I have a .csv file with this error that I want to correct with regular expression, some fields contain line breaks, example:
"abc
de
f 123",123,456
Should be in one line, I want to remove line-breaks only but to keep the text
"abcdef 123",123,456
I tried to isolate within double quotes, but this removes only first line-break:
^(?:"[0-9a-zA-Z])\r?\n(?=",)
(Text can include numbers and other characters, so I tried to include them, I only want to remove line-breaks and keep all other characters, hope it is clear)
It's not possible to capture multiple newlines in a single query if you're using a repeated capture group; the regex engine can only grab the last match. That being said, if you're using powergrep (or some other search-and-replace that can selectively replace capture groups, not the whole match), do you really need a one-liner?

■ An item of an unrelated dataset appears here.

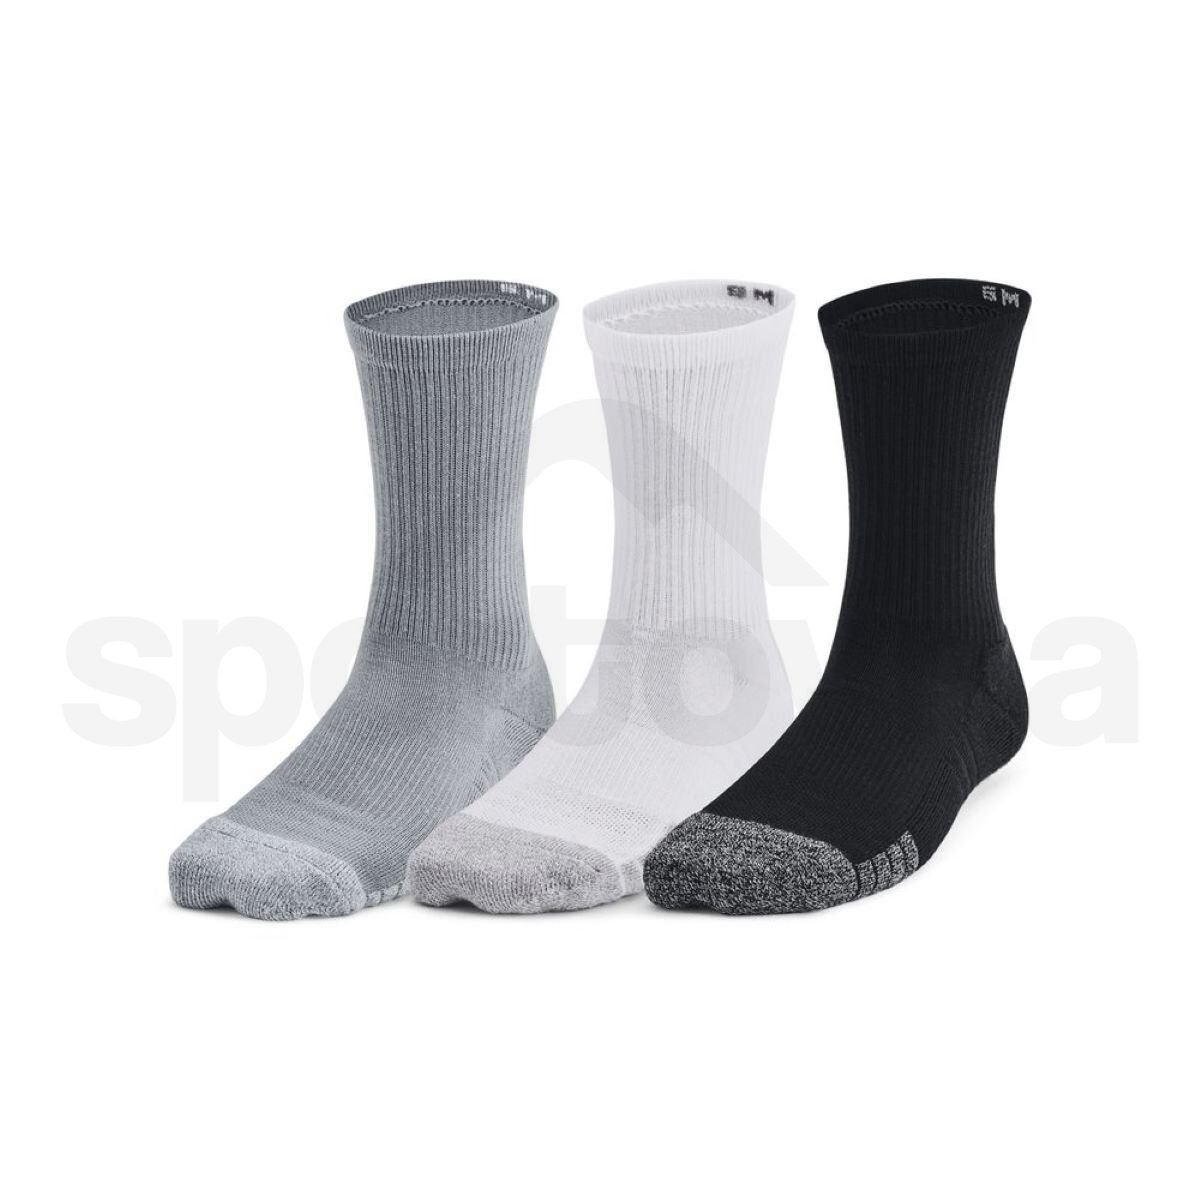 Ponožky Under Armour UA Heatgear 3pk Crew J - šedá/bílá/černá

^"(?:[^"\n]|(\n+))*",will look between"and",and match any amount of text that doesn't include a", keeping it within your quoted statement - or, alternatively, will capture the last group of newlines it finds. If your tool can remove/replace text only in the capture group, why not use this regex a few times in a row? It'll leave your typo-free rows alone, but will remove one chunk of whitespace from your erroneous rows each time it's run. (Try it here! Note that this matches all lines, but only captures whitespace for the badly formatted ones)How will you know when you're done? Try using
^(?=.*\n.*)"[^"]*",- it'll match any lines in your csv file that still have newlines, but will ignore properly formatted lines. When this regex returns no matches, you can be confident your file is typo-free. (Try it here!)It's not a very elegant solution, but if you run it enough times, you'll get rid of all the whitespace.